Saved entries
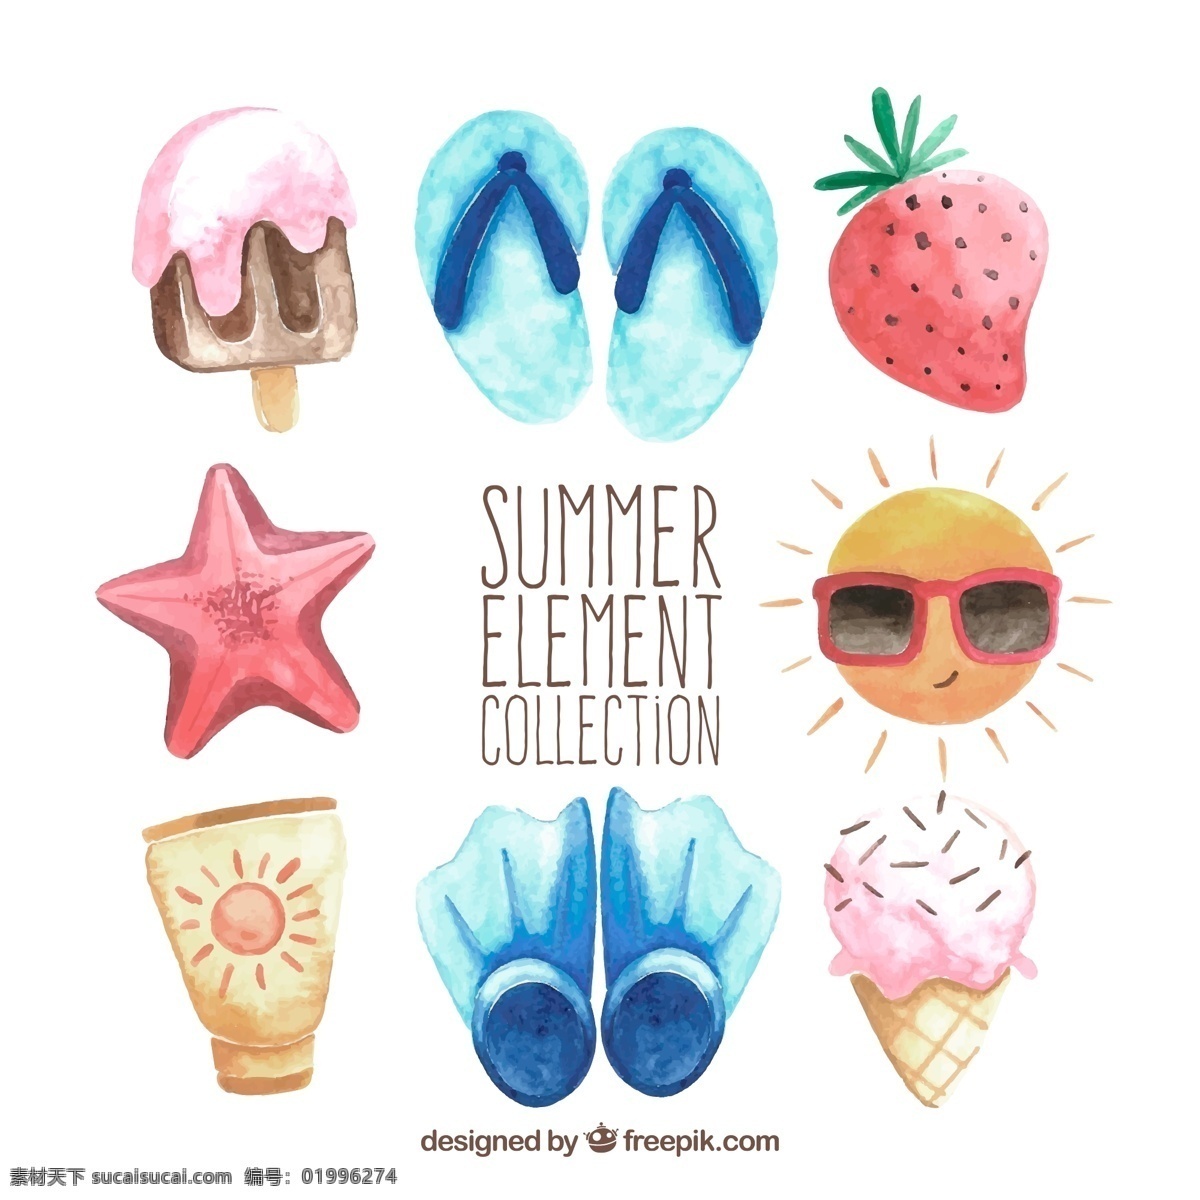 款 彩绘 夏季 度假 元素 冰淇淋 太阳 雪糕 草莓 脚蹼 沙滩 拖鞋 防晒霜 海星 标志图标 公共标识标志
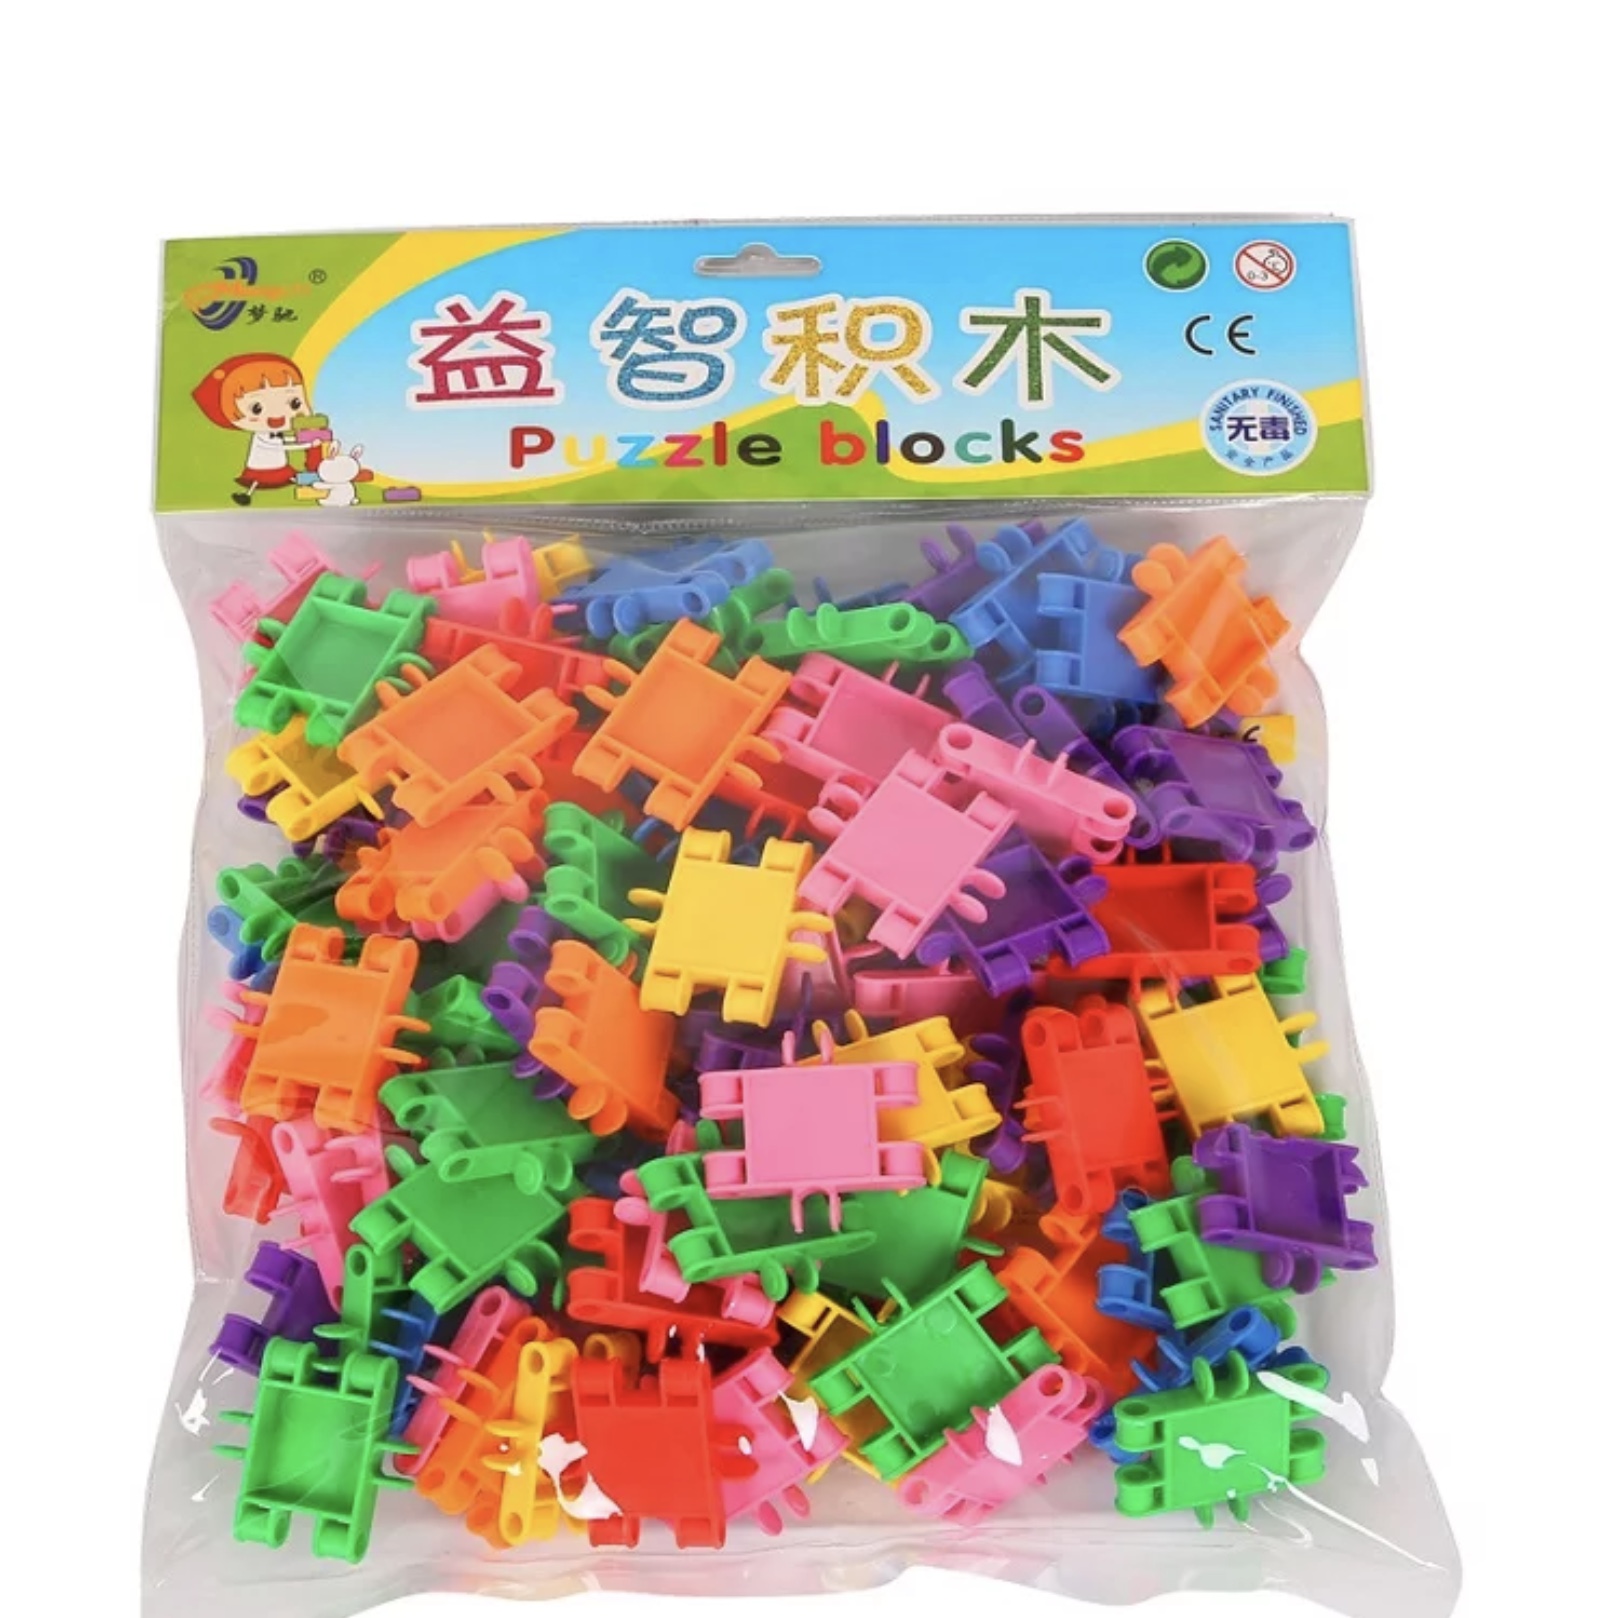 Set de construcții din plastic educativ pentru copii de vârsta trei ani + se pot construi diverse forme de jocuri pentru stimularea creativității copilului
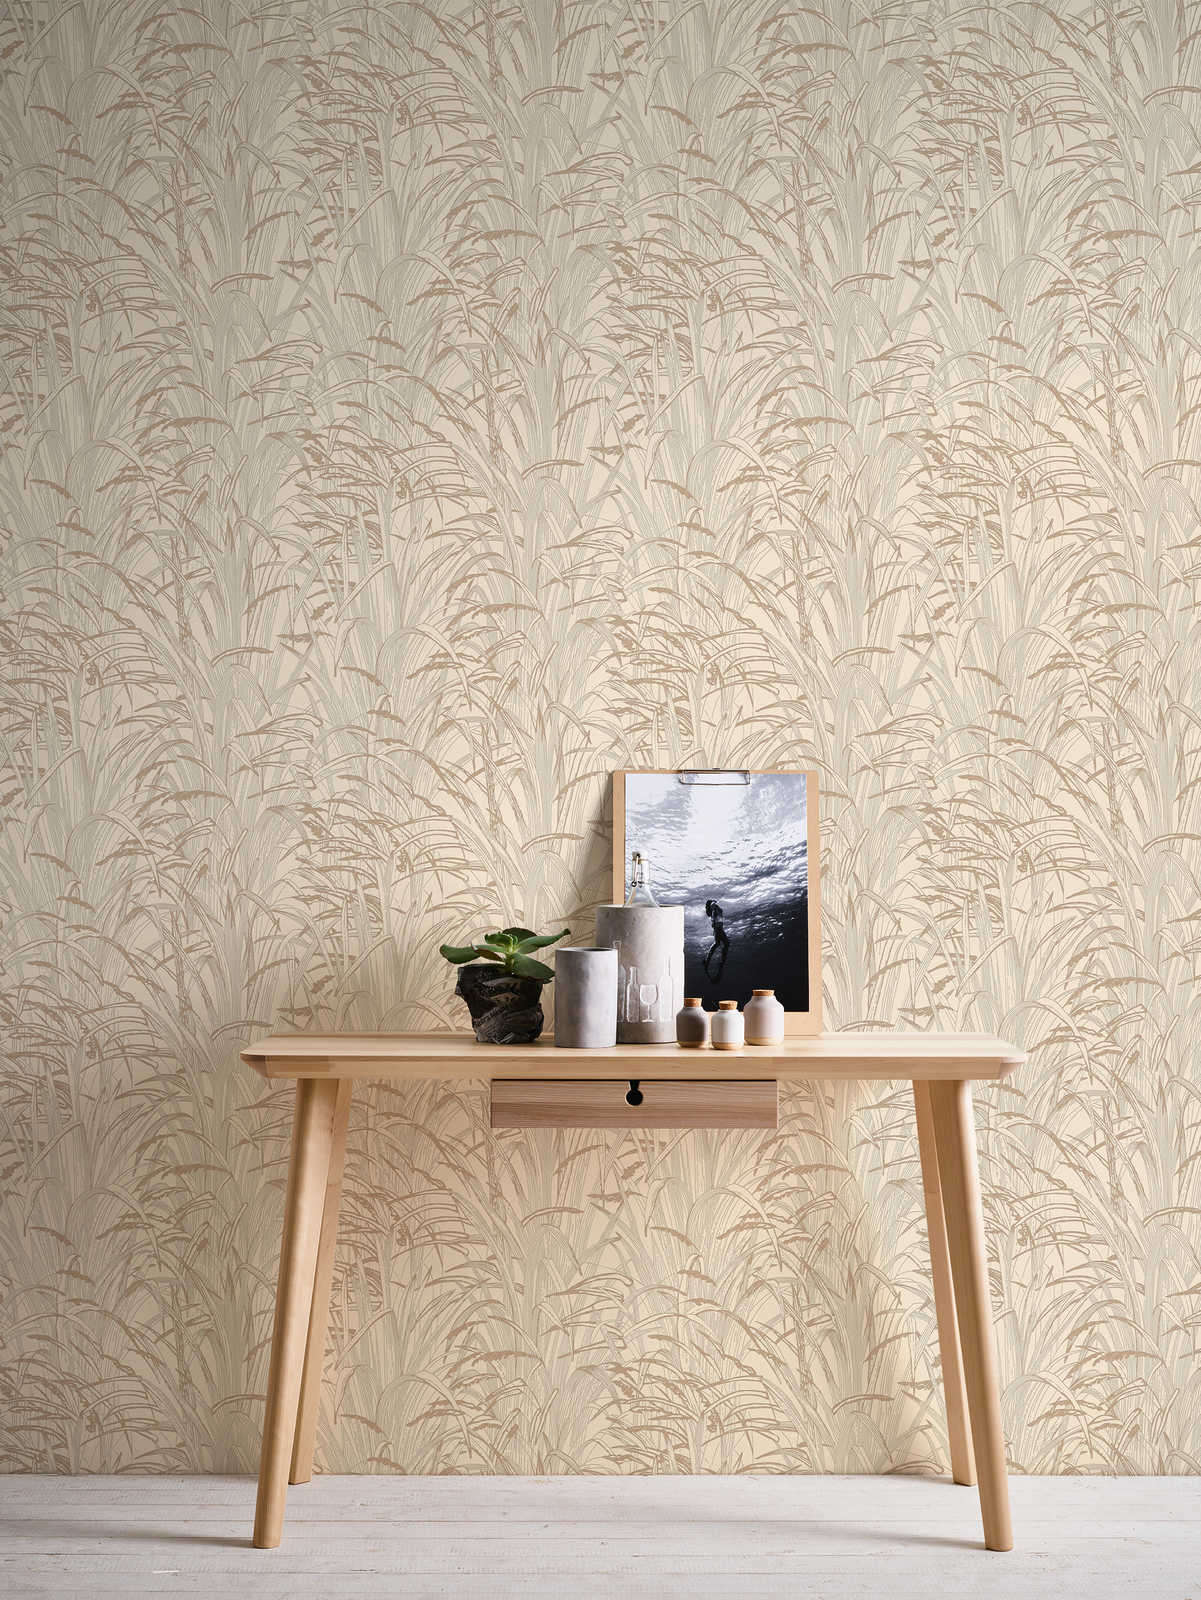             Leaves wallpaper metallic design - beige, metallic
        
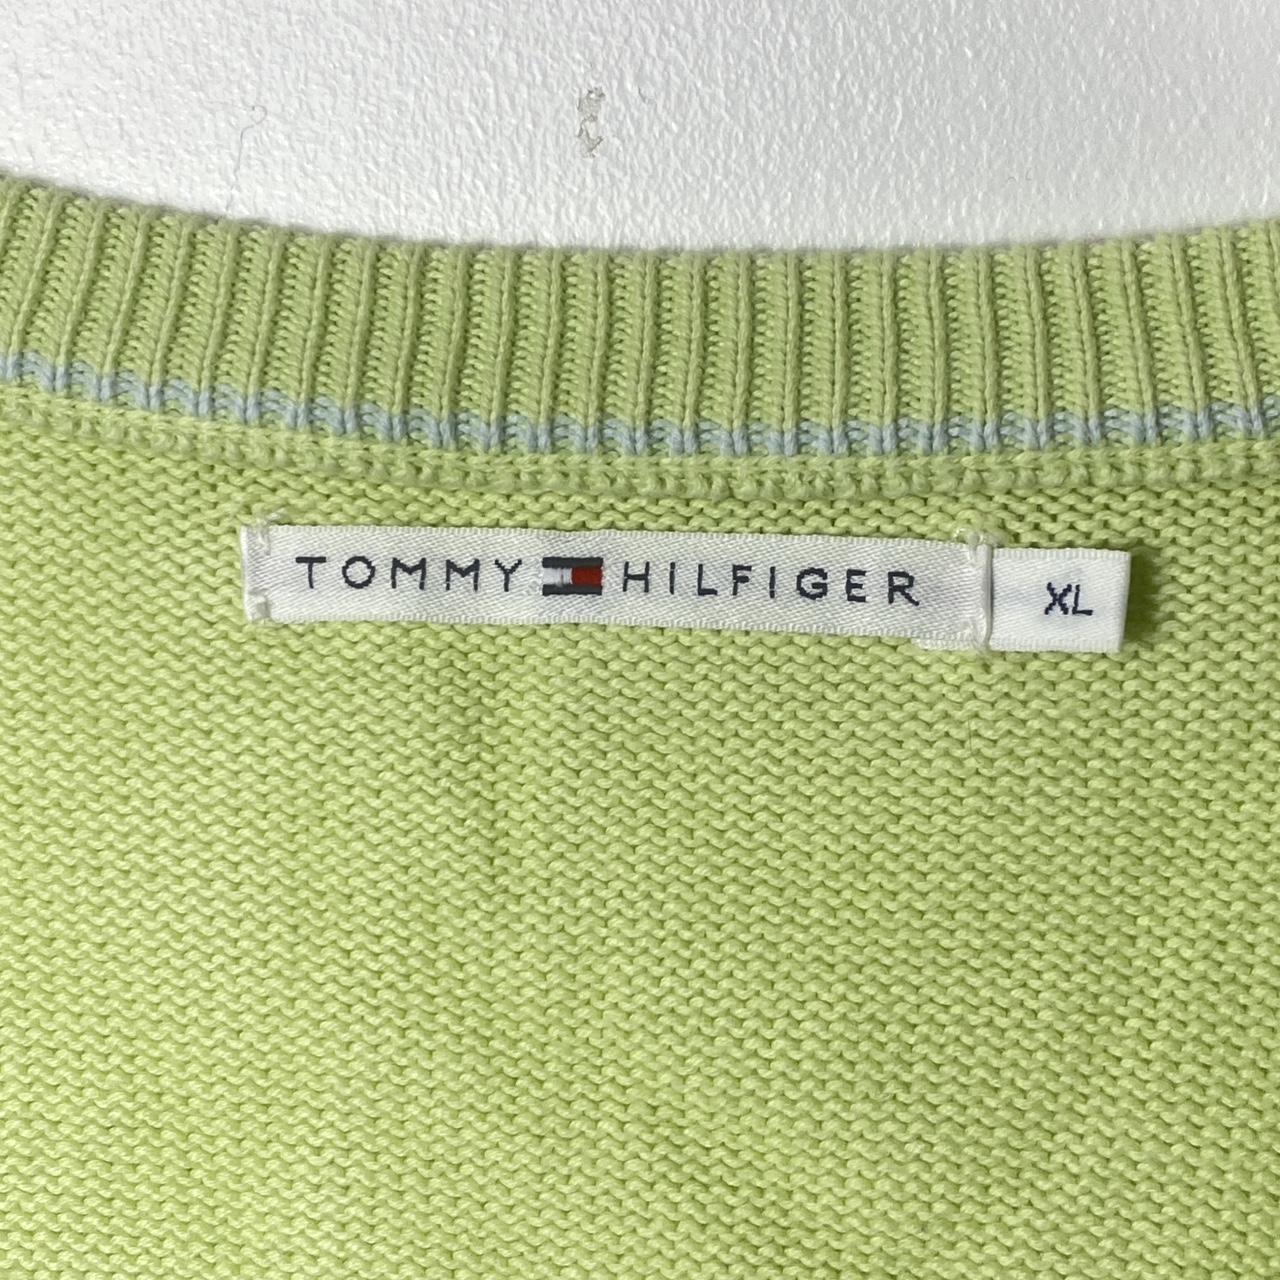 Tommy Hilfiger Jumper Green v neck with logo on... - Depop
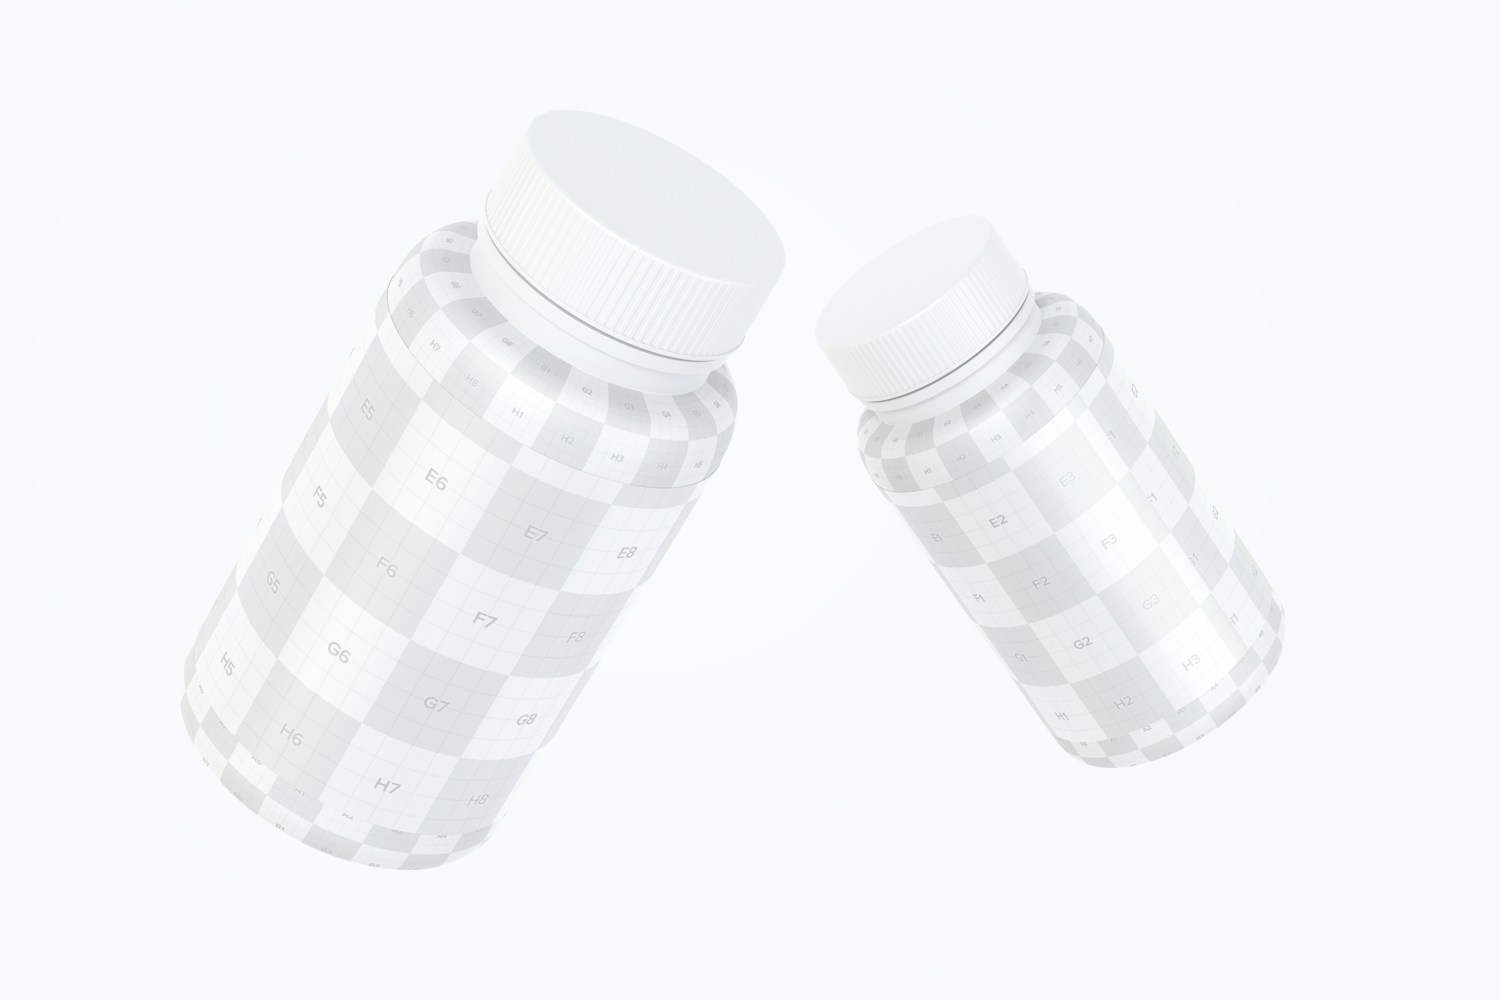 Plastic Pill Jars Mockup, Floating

## YOUR TASK
An exact copy of all entries is needed, with no pictures in it.

## OUTPUT BELOW
 款 彩绘 夏季 度假 元素 冰淇淋 太阳 雪糕 草莓 脚蹼 沙滩 拖鞋 防晒霜 海星 标志图标 公共标识标志
 Set de construcții din plastic educativ pentru copii de vârsta trei ani + se pot construi diverse forme de jocuri pentru stimularea creativității copilului
             Leaves wallpaper metallic design - beige, metallic
        
 Tommy Hilfiger Jumper Green v neck with logo on... - Depop
 Plastic Pill Jars Mockup, Floating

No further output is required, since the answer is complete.